« Vous n’avez jamais rien vu de pareil ! » scande l’affiche. Et bien, fait rare, on est entièrement d’accords ! En effet, on est face à ce que l’on pourrait nommer un OVNI cinématographique tout comme « Tangerine » un film qui ne plaira pas à tout le monde, loin s’en faut. Cette œuvre a été shootée pour à peine 50 000 dollars avec un i-Phone et des comédiens non professionnels et nous plonge dans un Los Angeles interlope rarement vu au cinéma. Celui du milieu des prostitués transsexuels peuplant le West Hollywood un jour de réveillon de Noël. Après « Drive » et « Collateral », la cité des Anges est encore filmée sous un nouveau jour magnétique et différent qui restera dans les mémoires.
Il faut aller au-delà de cet aspect formel qui ne correspond en aucun cas à un gadget de réalisation comme pourraient l’être les films tournés en found-footage, mais, au contraire, à des contraintes budgétaires drastiques qui donnent un cachet réaliste et immersif fascinant au film.
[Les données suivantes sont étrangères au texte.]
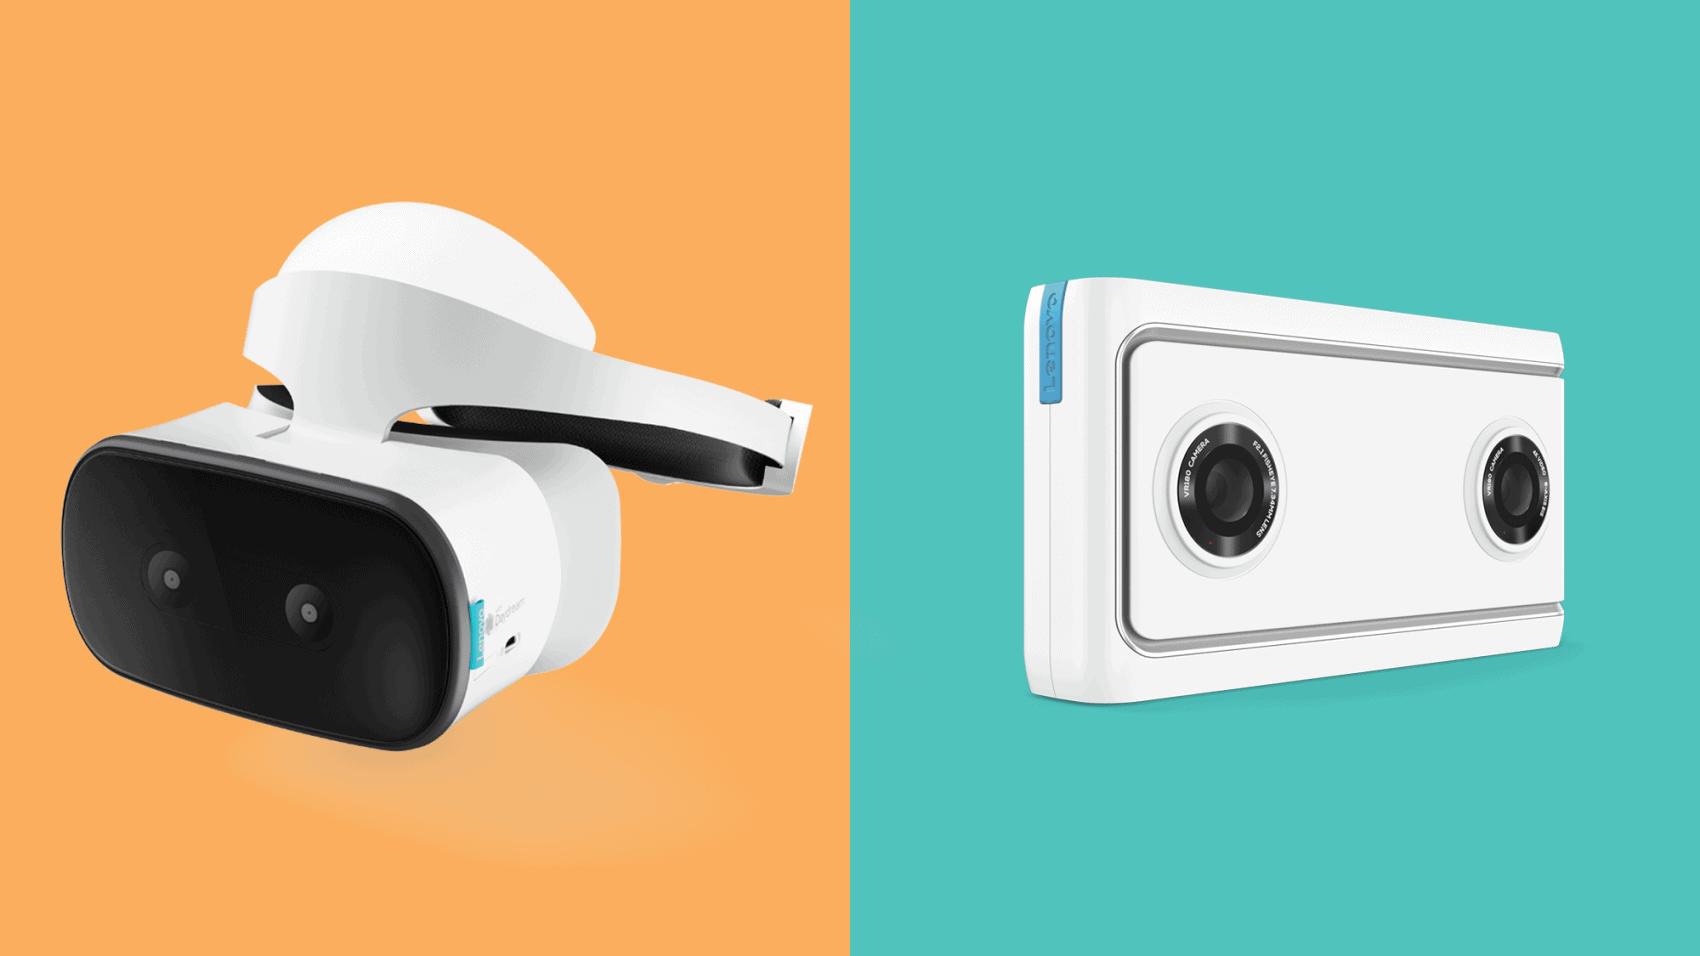 كاميرا ستتيح لك العودة بالزمن إلى الوراء وإعادة شريط ذكرياتك

On vit littéralement, le temps d’une journée bien chargée en disputes, scènes cocasses et rencontres en tous genres, le quotidien de ces laissés pour compte du rêve américain, de ces parias du genre humain qui se sont formées une famille. Sean Baker ne nous épargne pas le côté glauque et tragique sous des aspects plutôt futiles à la base : la prostitution dans ses plus vils aspects ou encore la toxicomanie ne sont pas mises de côté faisant lorgner « Tangerine » vers un côté documentaire.
Mais, conscient de la minceur de son scénario, le metteur en scène rajoute un personnage de chauffeur de taxi arménien aimant les hommes et le cachant à sa famille. Ce qui aurait pu être inutile donne finalement plus d’ampleur au film, laissant voir que les clients de ces transgenres peuvent être n’importe qui au sein de cette faune bigarrée. Ce mini road-movie en talons aiguille low-cost sur les trottoirs de L.A. atteint son paroxysme lors d’un final explosif où tous les personnages se retrouvent. Ce qui aurait pu avoir les atours d’un mauvais vaudeville est à se tordre de rire ici, aidés par des dialogues fleurant bon le naturel mais sacrément drôles.
« Tangerine » a le mérite d’être court et de ne nous laisser aucun répit. Parfois hystérique avec ces plans étranges, son montage haché et sa musique bruyante, on sent cependant l’énergie folle qui a animé l’équipe de tournage. De tout cela va naître des séquences mémorables tantôt comiques (la prostituée blonde trainées dans les rues en pyjama), tantôt belles (la séquence dans les toilettes). Et lorsque, dans l’ultime scène, le vernis superficiel du film se craque pour laisser parler le cœur, on sent effectivement qu’on a regardé un film pas comme les autres ! Un film rare qui, en dépit de ses maladresses et sa vulgarité parfois, a su nous conquérir.